В ответ фон Кнобельсдорф сказал с улыбкой:
– Вам следует винить в этом французов: у них каша вместо мозгов. Если бы я пристрелил немца, вы бы сами увидели, как пуля спокойно вышла бы с другой стороны черепа.
Макс подумал: «То, что я брякнул нечто столь легкомысленное, в то время как у меня на глазах убили человека, ужасно уже само по себе. Но еще хуже то, что я еще и умудрился пошутить на эту тему с фон Кнобельсдорфом». Осознав, что это означает, Фоллер содрогнулся. «Во что ты превращаешься?» – спросил он у себя, но потом решил, что поставил вопрос неправильно. Все дело в том, во что он уже превратился.
Для Макса было очевидно, что фон Кнобельсдорф в действительности и сам толком не знает, что ищет. Весьма абстрактная задача – найти камень в пруду. И как долго они еще будут тут ковыряться? Макс даже подумывал о том, чтобы показать фон Кнобельсдорфу найденный голыш – просто чтобы скорее вернуться к Герти. Но, хотя со времен Зальцгиттера Макс проделал большой жизненный путь и очень сильно изменился, он все же не дошел еще до того, чтобы приговорить полтора десятка людей к смерти только ради того, чтобы самому немного отдохнуть и восстановить силы.

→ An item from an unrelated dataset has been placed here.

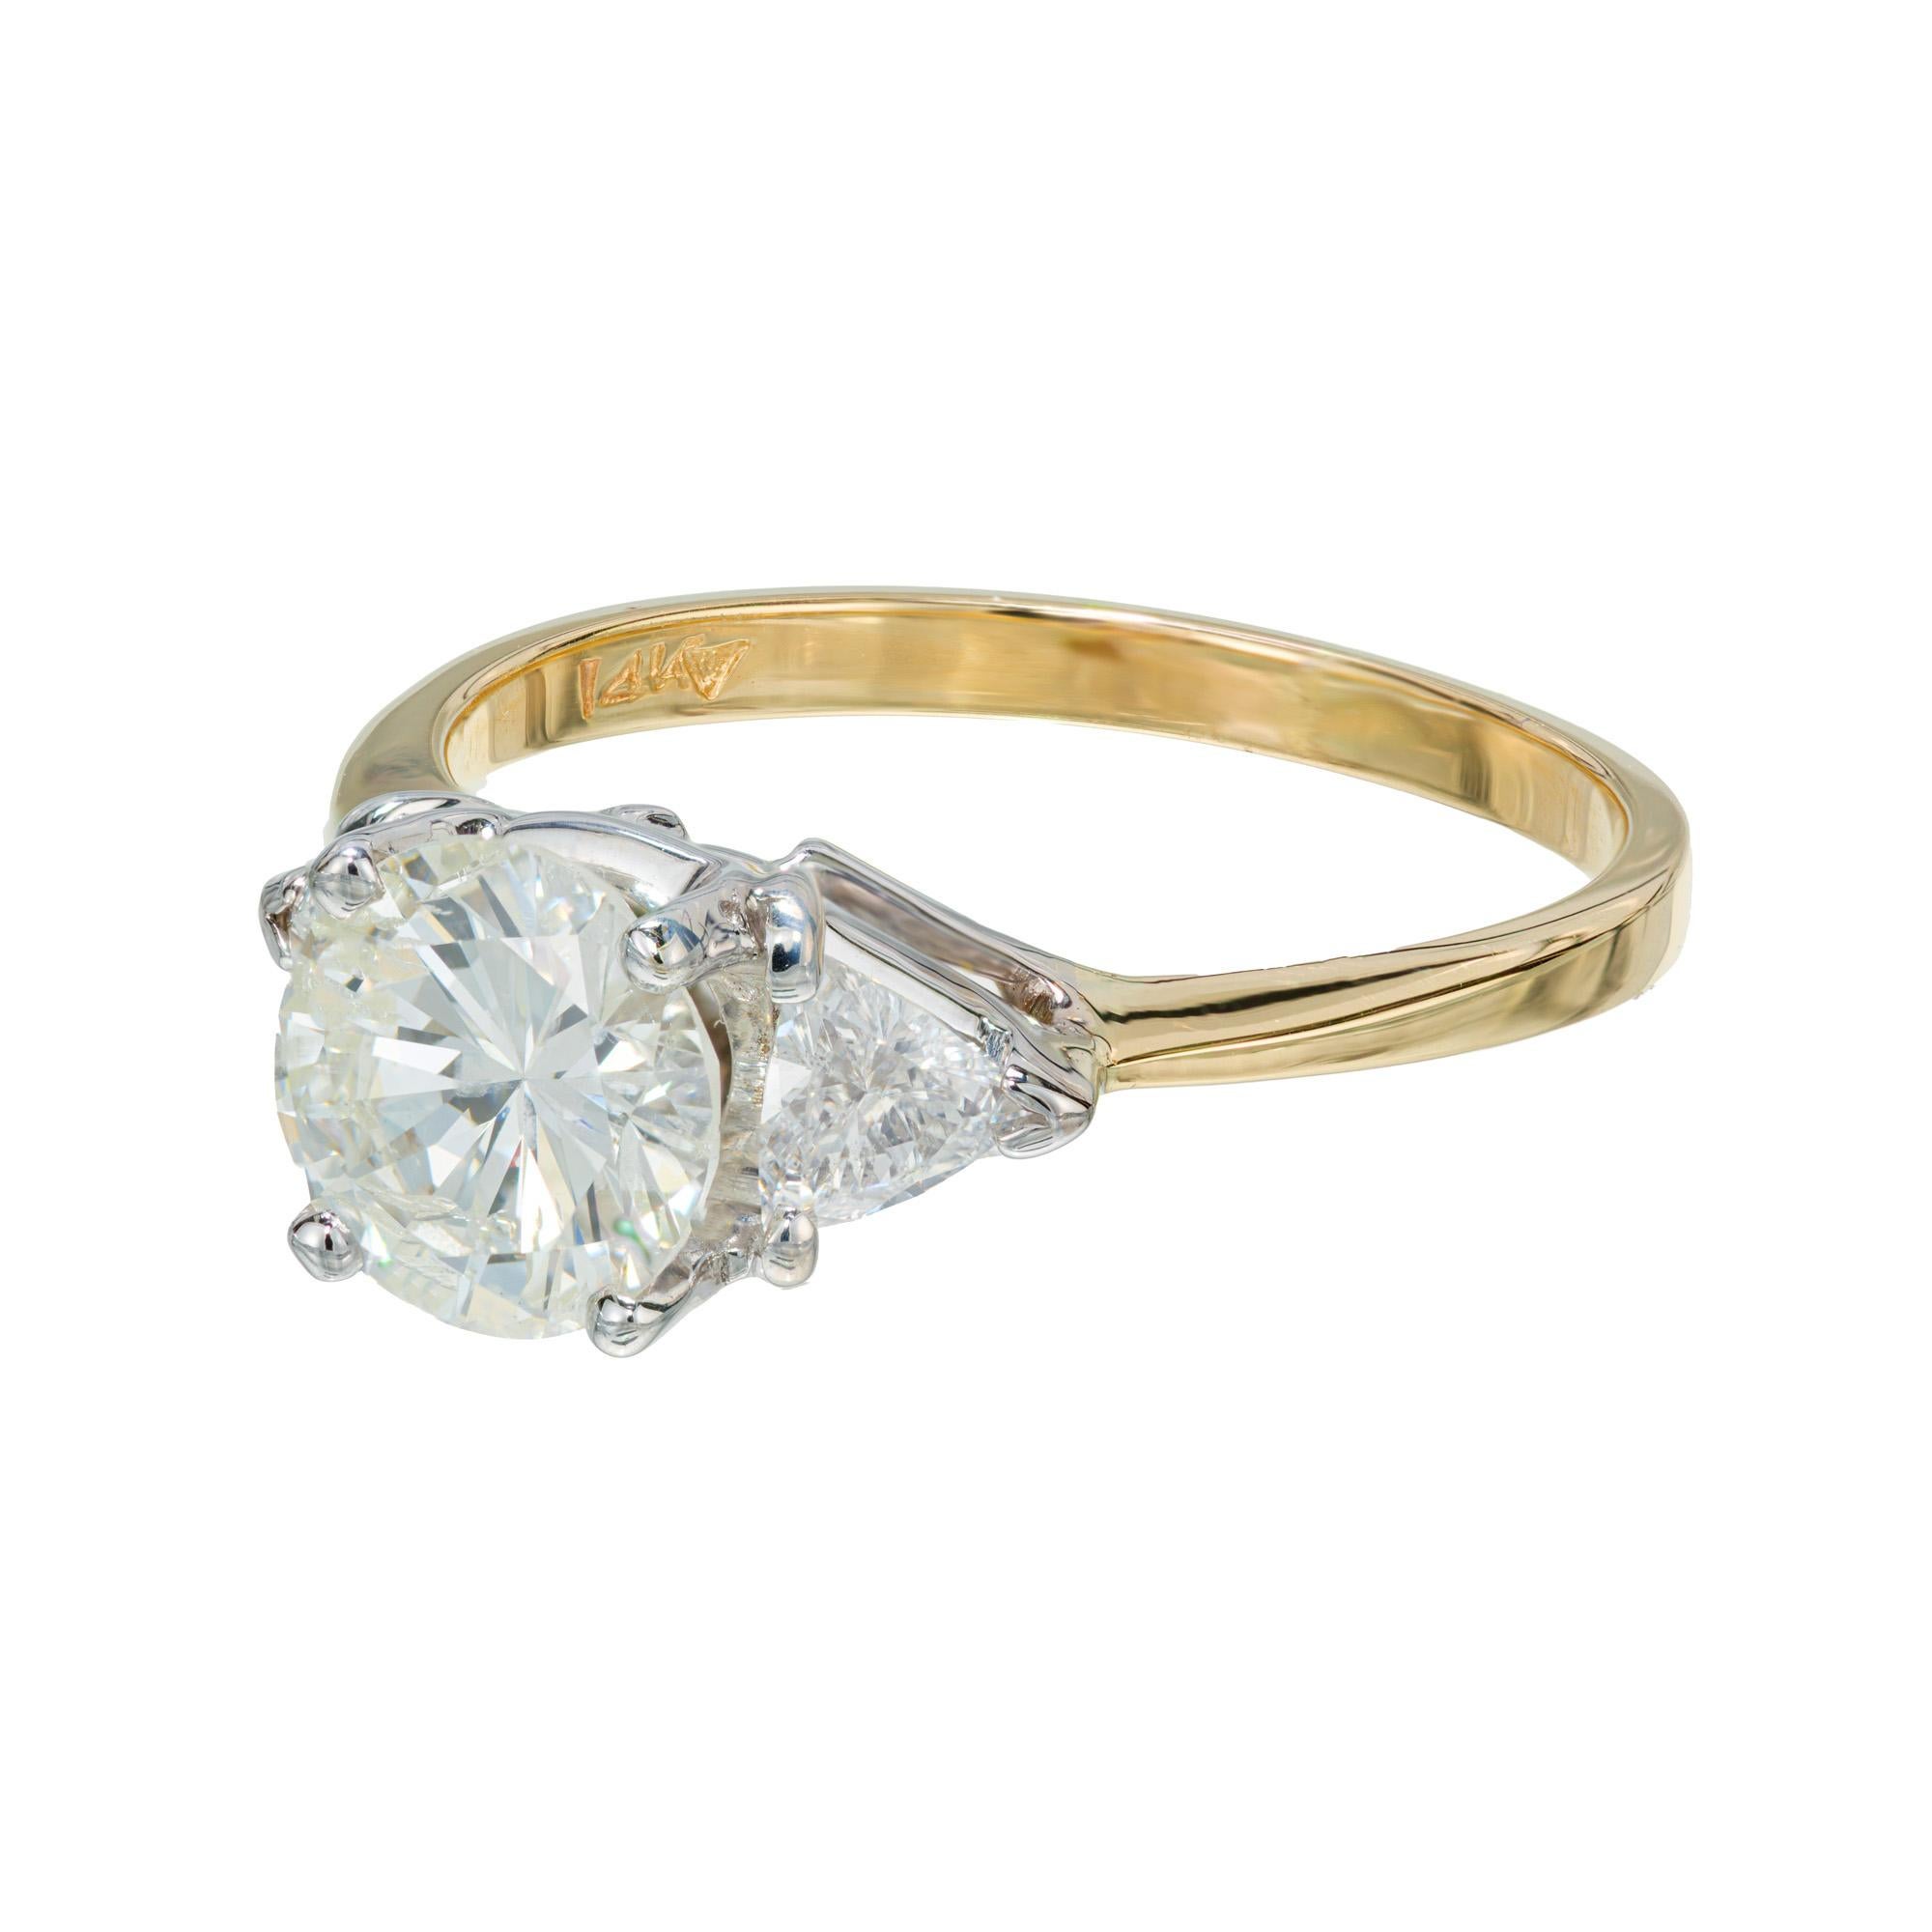 1980's diamond engagement ring. EGL certified 1.20cts round brilliant cut, H-I (near colorless) center diamond set in a 14k white gold crown with a 14k yellow gold shank. Complemented with two trilliant cut diamonds. 

1 round brilliant cut

Ему уже осточертела вонь водорослей и постоянная сырость лагерной жизни. Макс соорудил костер рядом с местом своей работы, но и это его раздражало, потому что переменчивый горный ветер периодически накрывал его едким дымом. Максу хотелось принять ванну, улечься в свою постель и оказаться в объятьях собственной жены – желательно именно в такой последовательности.
Он как раз думал о Герти, когда увидел карабкающегося по склону холма французского крестьянина. Макс встал и тронул за руку ближайшего эсэсовца, штурмманна[61].
– Партизан? Маки?
Немец поднес к глазам бинокль.
– Не вооружен, – сообщил он и взялся за винтовку.
– Что вы делаете? – удивился Макс.
Штурмманн пожал плечами:
– Хочу его пристрелить.
Макс покачал головой:
– Как вы собираетесь править в этой стране, если всех перебьете? Нельзя стрелять в людей только за то, что они тут находятся.
– Он мог увидеть.
– Увидеть что?
Штурмманн снова пожал плечами, как бы соглашаясь с Максом, затем опустил винтовку и вернулся к сортировке камней.
* * *Прыжок Эндамона Кроу с парашютом выдался одновременно удачным и неудачным. Его подготовка состояла из нескольких фраз, которые выкрикнул ему рядовой ВВС, пристегивавший карабин парашюта к тросу. Прозвучало это так:
– Ноги вместе, пальцы скрестить, задница крепко сжата!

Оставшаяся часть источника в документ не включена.